The Fort Lauderdale City Commission voted to pass a resolution against the anti-transgender bills in the Florida House and Senate.

The resolution, brought forth by Commissioner Steve Glassman, a gay man, is in response to HB 1475 and SB 2012, calling for athletes to play on teams according to their biological sex in the name of “equality.”

“I completely support this resolution,” Commissioner Ben Sorensen said. “My daughters are 4 and 7 and it’s my hope and dream that they will compete against and side by side with [transgender] athletes.”

Vice Mayor Heather Moraitis though voted against the resolution and Commissioner Robert McKinzie was not present during voting — however, he did voice that he was against it during discussion.

Moraitis shared that her vote was because of women’s rights and asked to not have her name on the resolution if it passed.

“I will not be supporting this tonight, and to me, this issue is really about women’s rights,” she explained. “We fought long and hard for equality. Now that we’re almost there, we’re going to change the rules to allow the biologically stronger men to replace females on the field or pool or wherever you are competing.”

She noted that her two daughters play water polo, and in times they’ve played with boys, “there was just a huge difference.”

McKinzie simply said, “I echo the vice mayor.”

Glassman fired back saying he was “offended” by the argument and likened the bills to the transgender bathroom bills that swept across the country.

“That is such a mischaracterization of these bills,” he said. “Everyone knows why these bills have surfaced in the United States and it has nothing, nothing to do with women’s rights and women’s rights in sports. I’m actually offended by that interpretation of these bills. These bills do nothing but demean and marginalize young people who are already marginalized and demeaned enough in our society.”

Moraitis responded to Glassman, saying she herself was offended that “you keep attacking, I feel like me personally and my interpretation of how I feel … You can attack the legislation but I'm entitled to my feelings and my position and I represent a lot of people that feel the same way.”

Sorensen shared his support of the resolution and added he looks “forward to the day where we have continued growth and acceptance of everyone.”

Last to speak during the dicussion was Mayor Dean Trantalis, a gay man, who recently wrote a letter to Florida Gov. Ron DeSantis, urging him to oppose the bills. Edward Martí Kring, the community and field organizer with SAVE, spoke during public comments of the organization’s support of the resolution.

 

 

The NCAA has also spoken out against the bills that ban transgender athletes from playing on teams. In the past, it pulled a championship game out of Illinois when it passed a discriminatory law against LGBT people.

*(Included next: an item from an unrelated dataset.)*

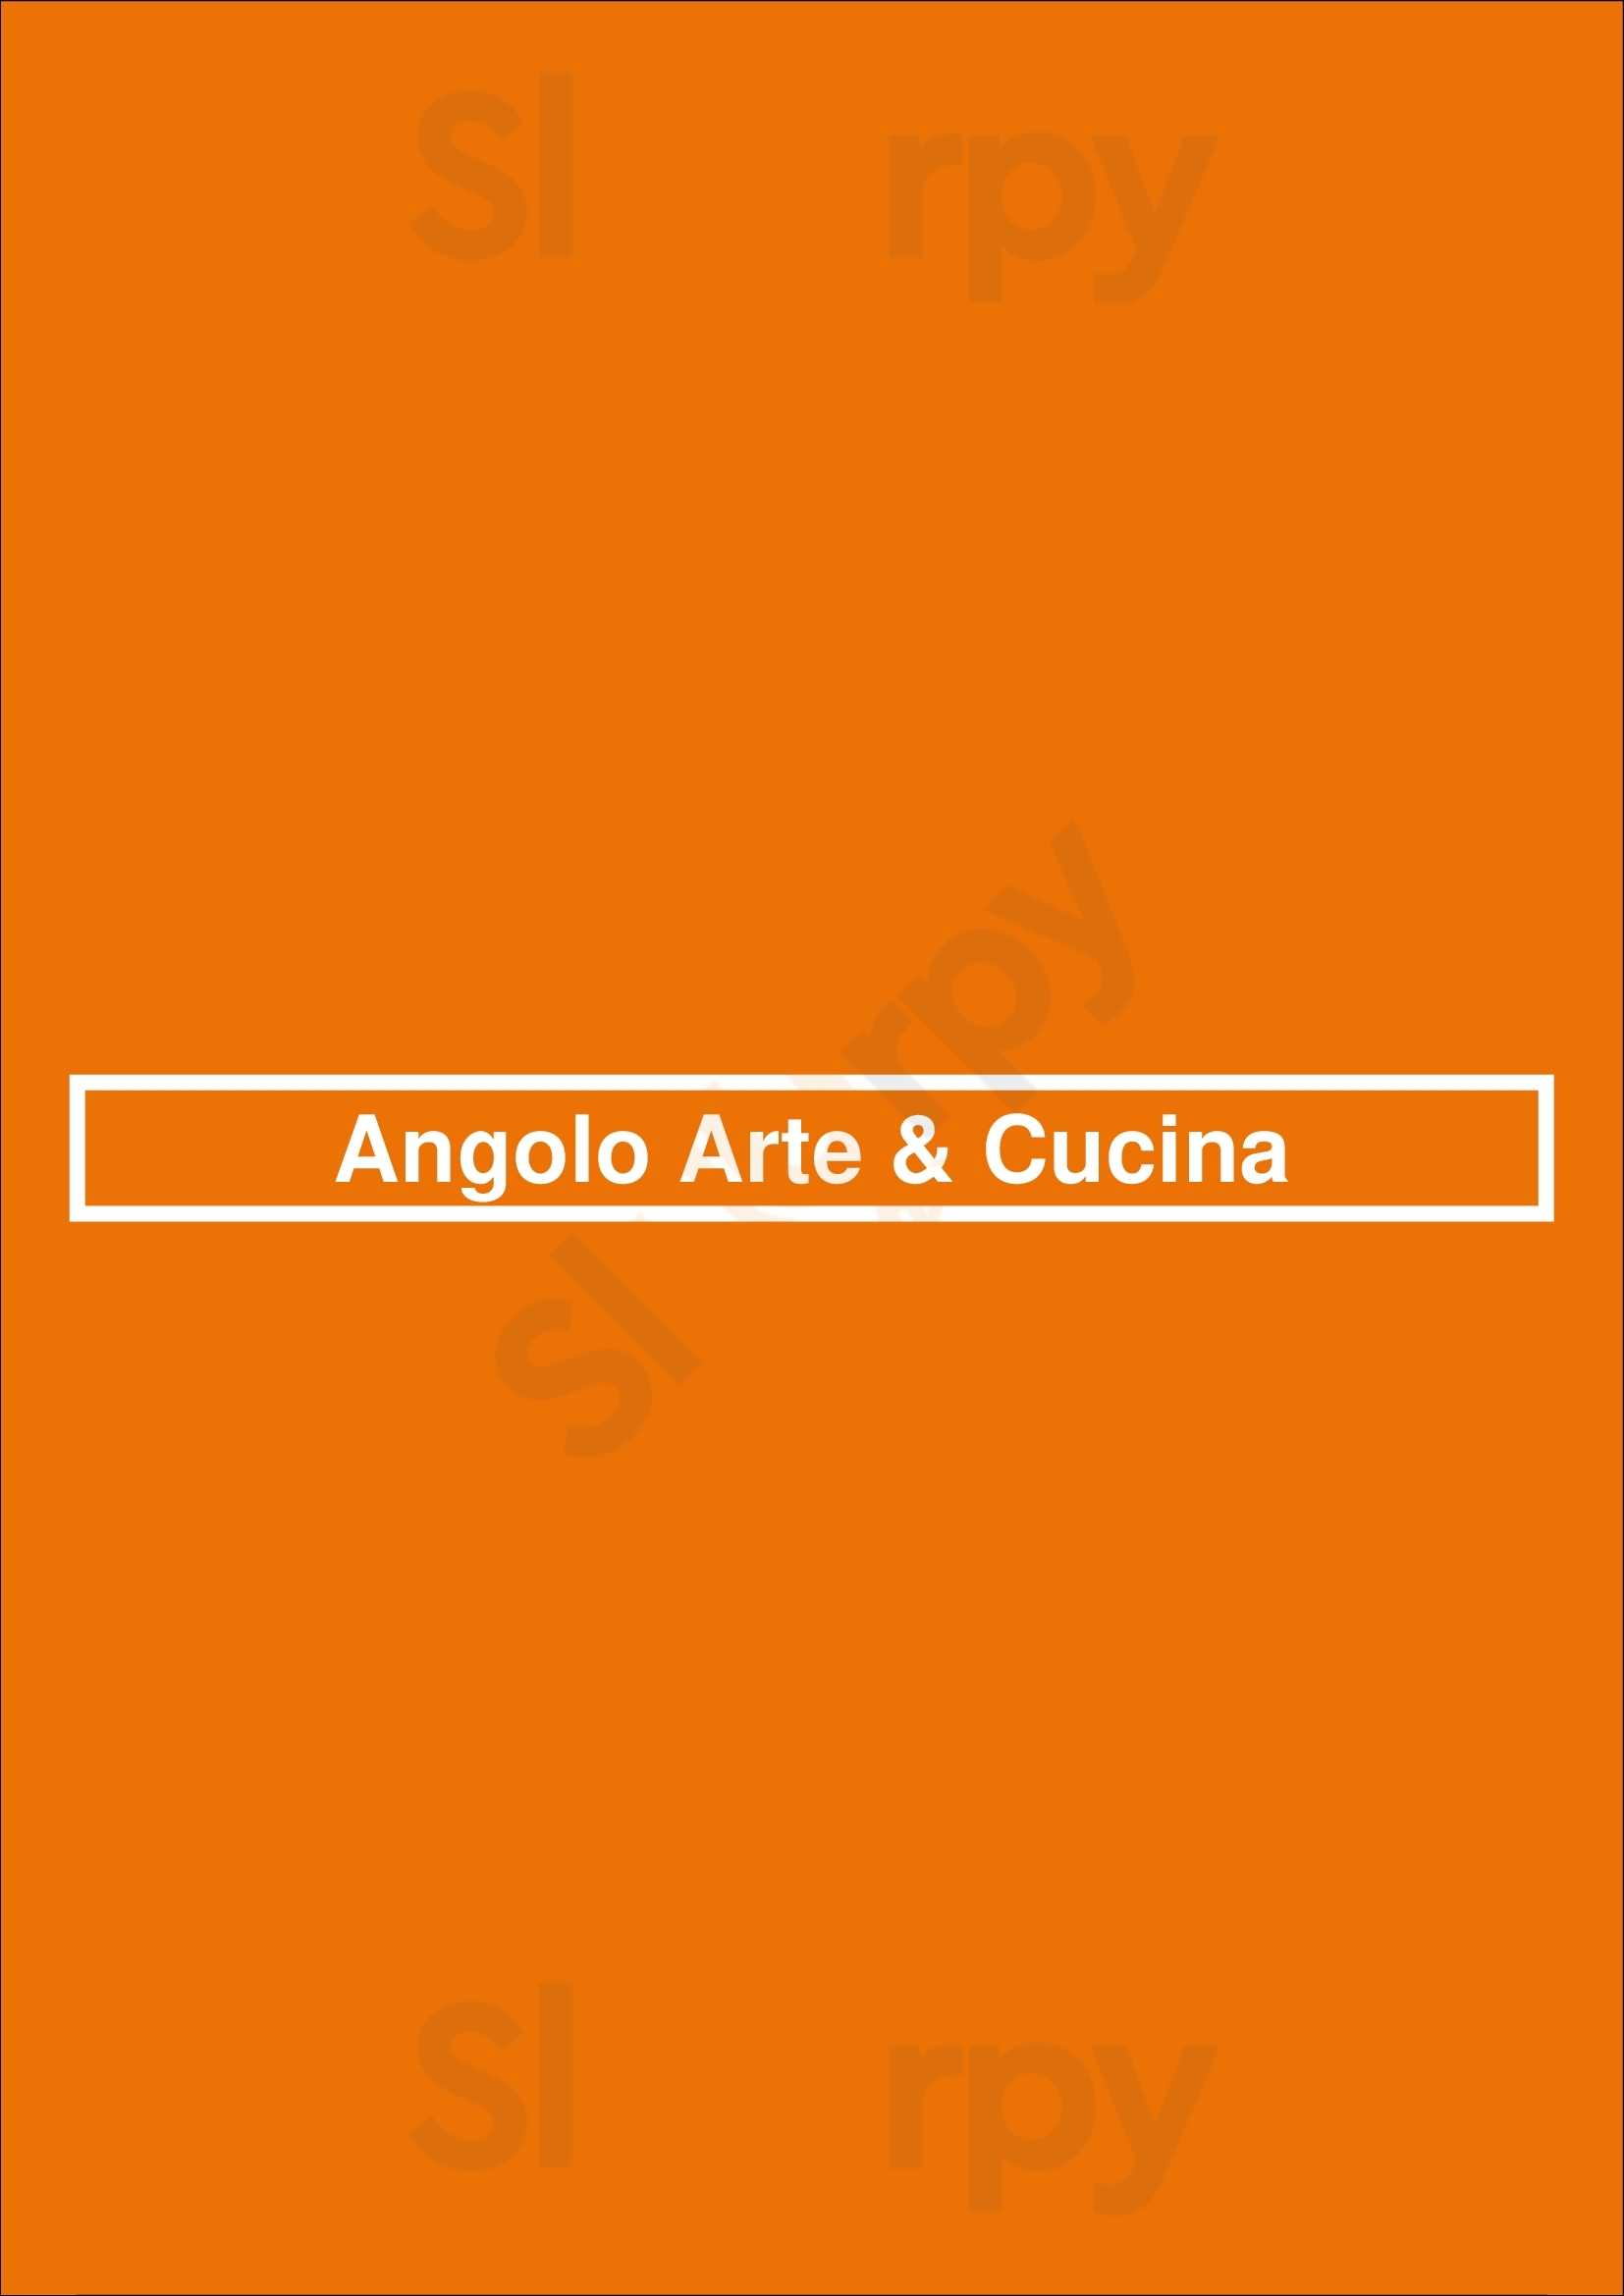 Angolo Arte & Cucina Paris Menu - 1

During the discussion, Trantalis explained that transgender athletes being allowed to play on the team they identify with doesn’t allow for men to suddenly decide to play for a women’s team.

“It doesn’t work that way,” he said. “I don’t think anybody who is transgender is trying to get a one-up on anybody … I don’t think they’re looking for or trying to take advantage of other women. I don't think it’s intended to be a threat to other women.”

He continued, “I don’t think demonizing and marginalizing these folks is the way to address it. The way to address it is to, first of all, love one another and to embrace one another and try to understand one another. I think that these two bills that are being proposed in the House and Senate are in no way attempting to do that.”

With the resolution passed in Fort Lauderdale, it seems that the Senate bill in Tallahassee is not seeing the same success — it appears to have stalled and may not make it this legislative session.